[Directions for this task]:
Leaving the pictures aside, transcribe the data below exactly.

[Data block]:
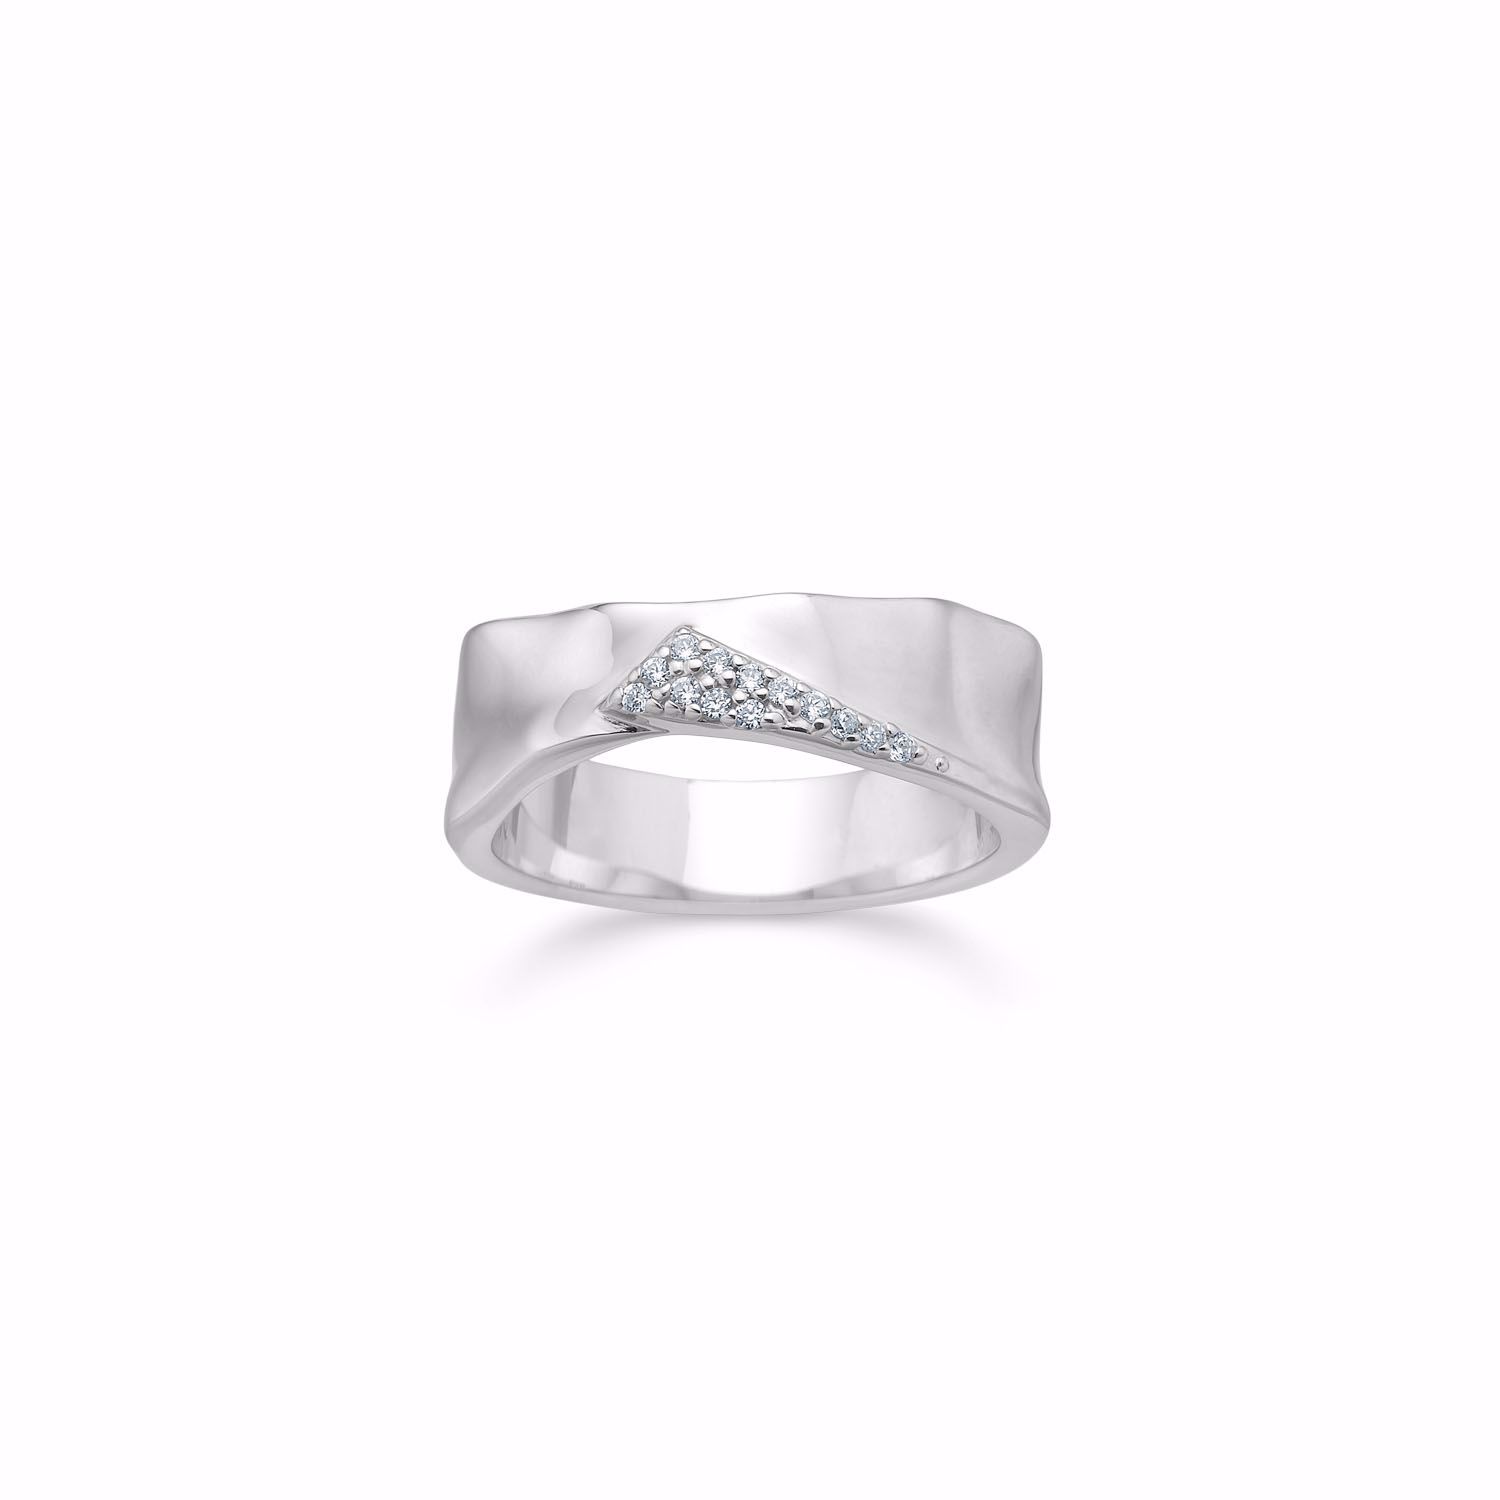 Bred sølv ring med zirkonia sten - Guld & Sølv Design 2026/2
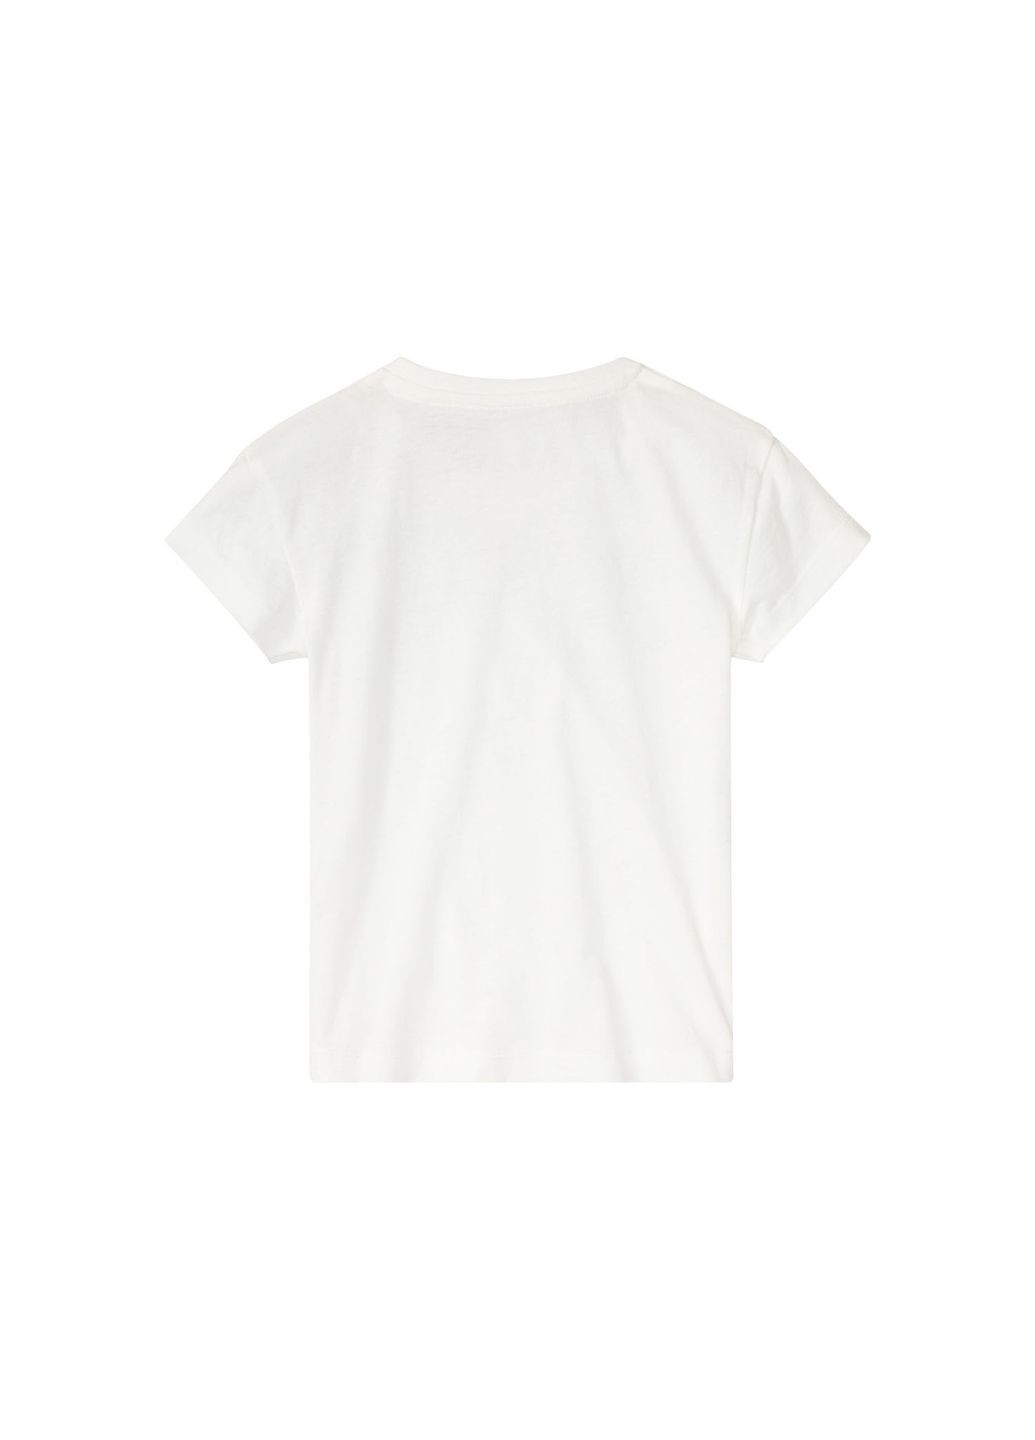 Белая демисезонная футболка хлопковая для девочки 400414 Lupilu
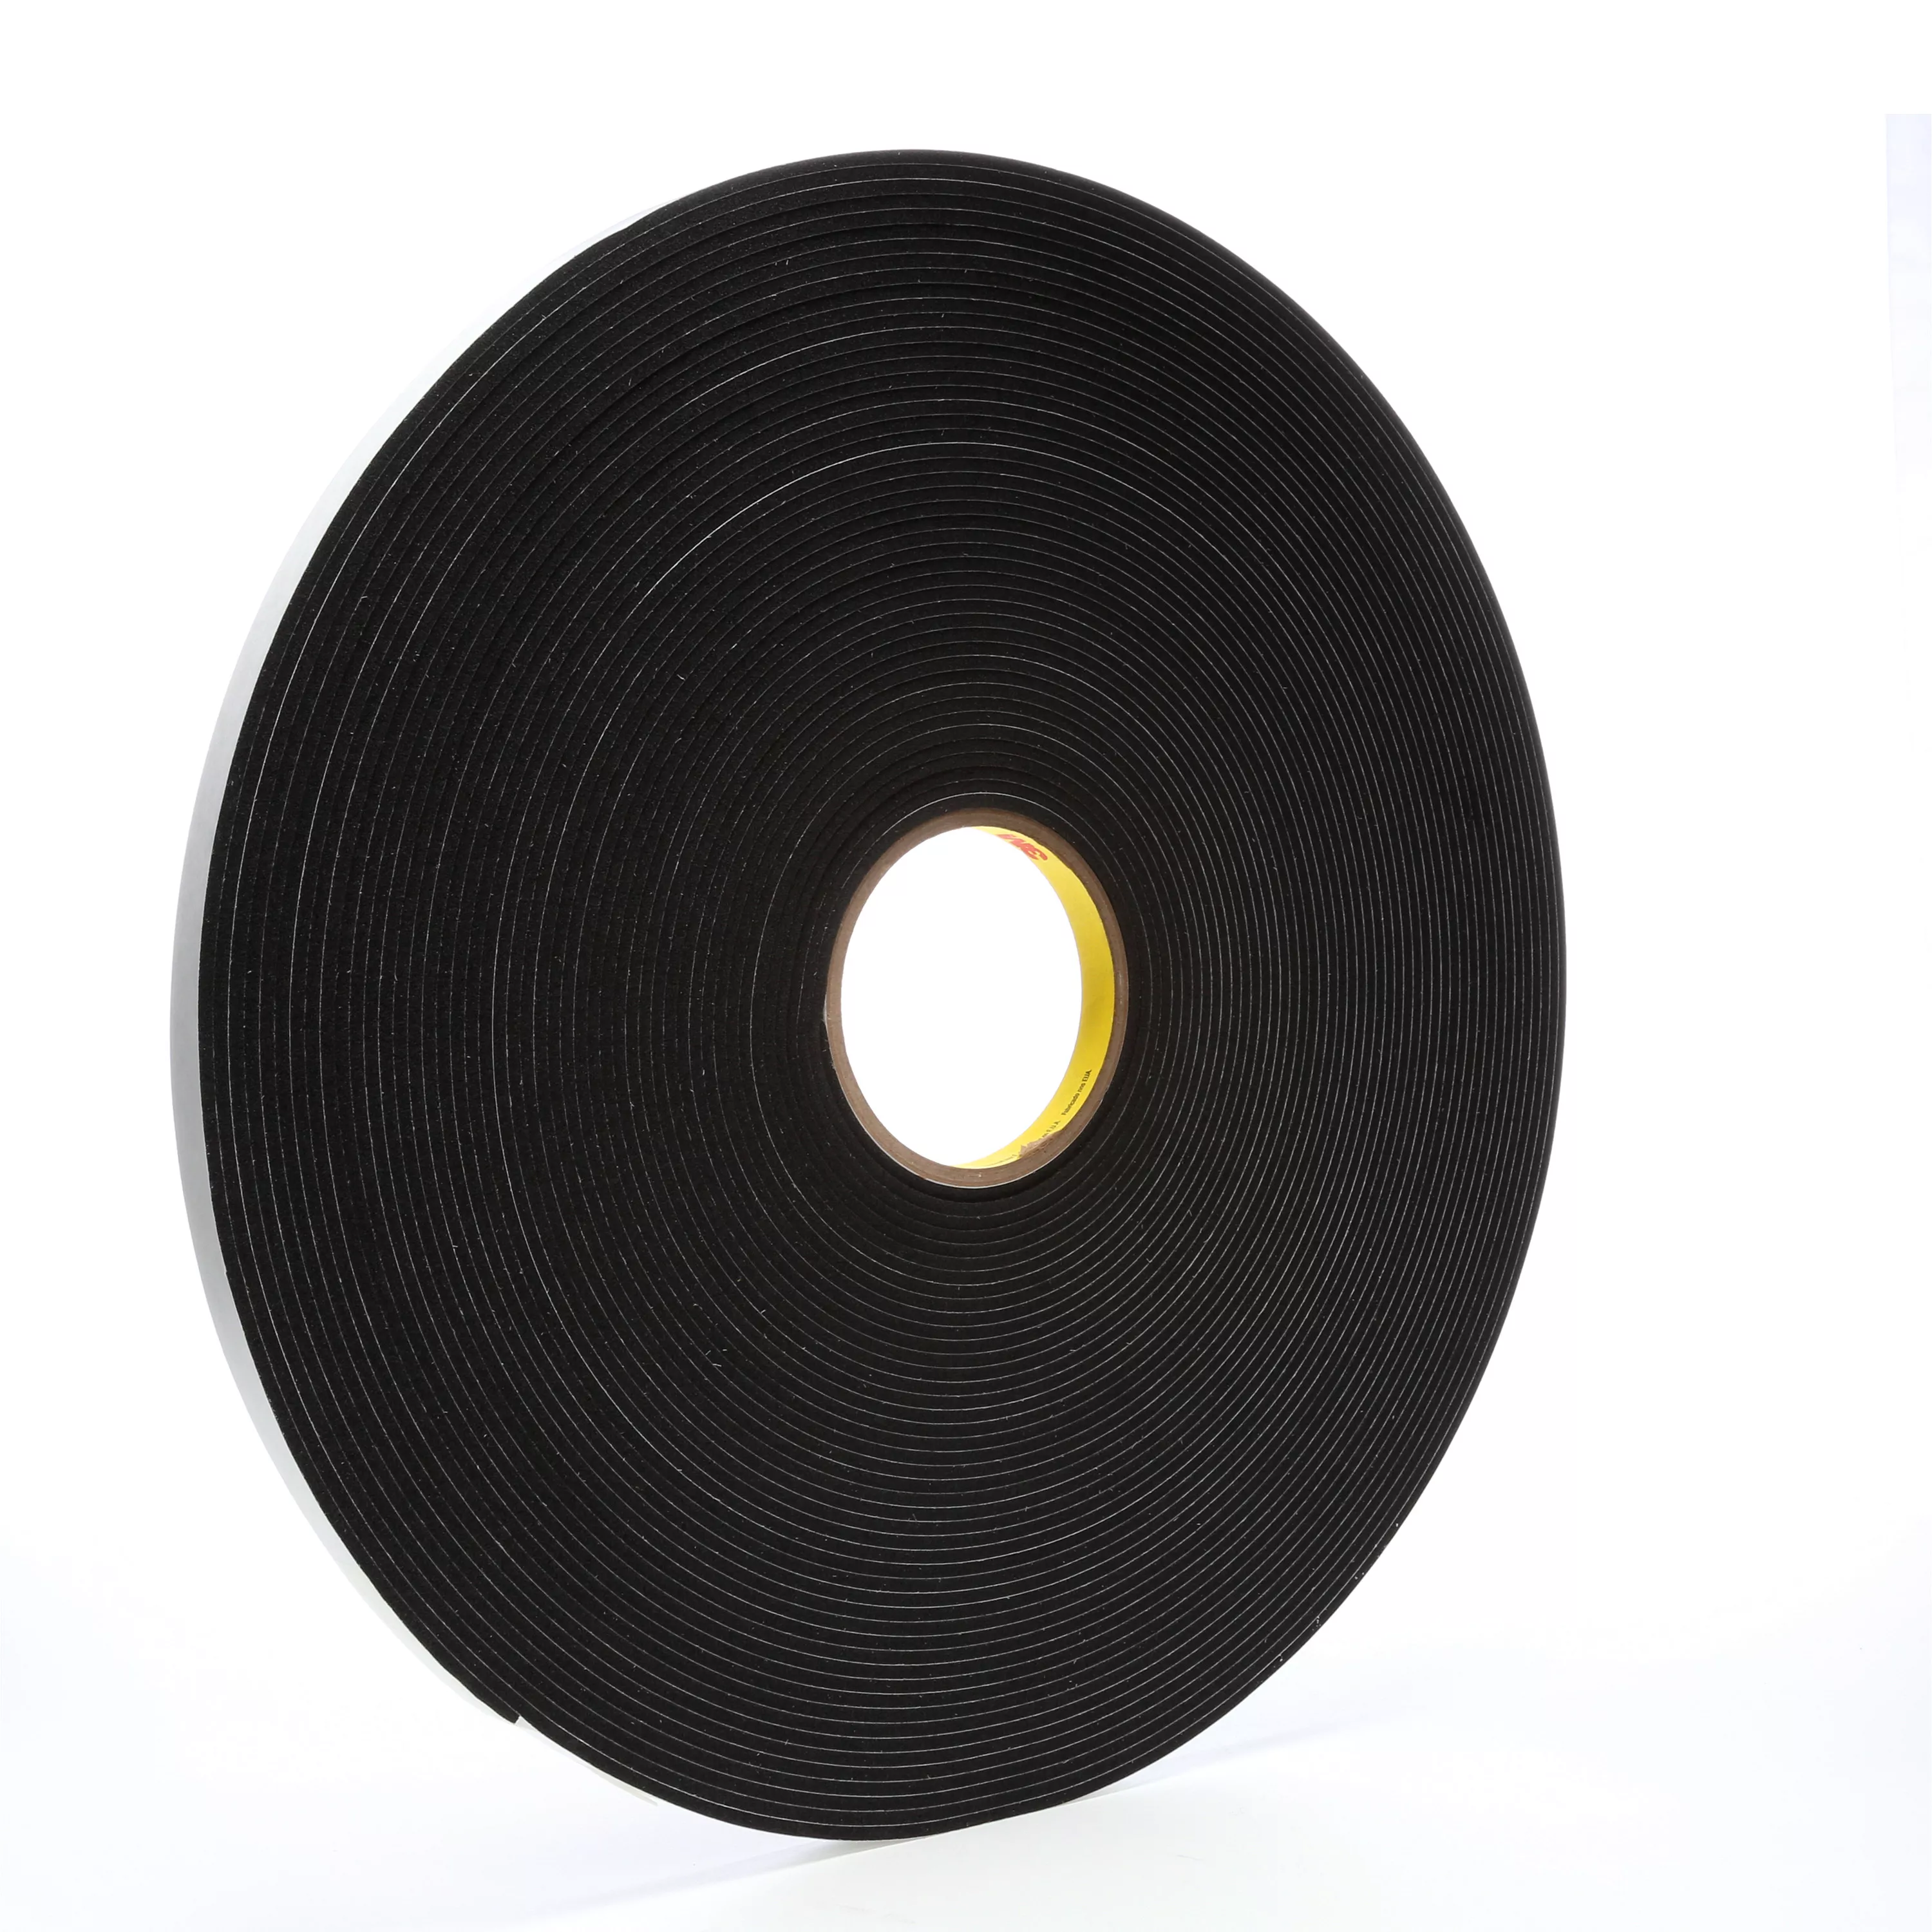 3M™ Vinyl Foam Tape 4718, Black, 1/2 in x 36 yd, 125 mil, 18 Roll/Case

[Exercise output]:
 Bred sølv ring med zirkonia sten - Guld & Sølv Design 2026/2
 Белая демисезонная футболка хлопковая для девочки 400414 Lupilu
 3M™ Vinyl Foam Tape 4718, Black, 1/2 in x 36 yd, 125 mil, 18 Roll/Case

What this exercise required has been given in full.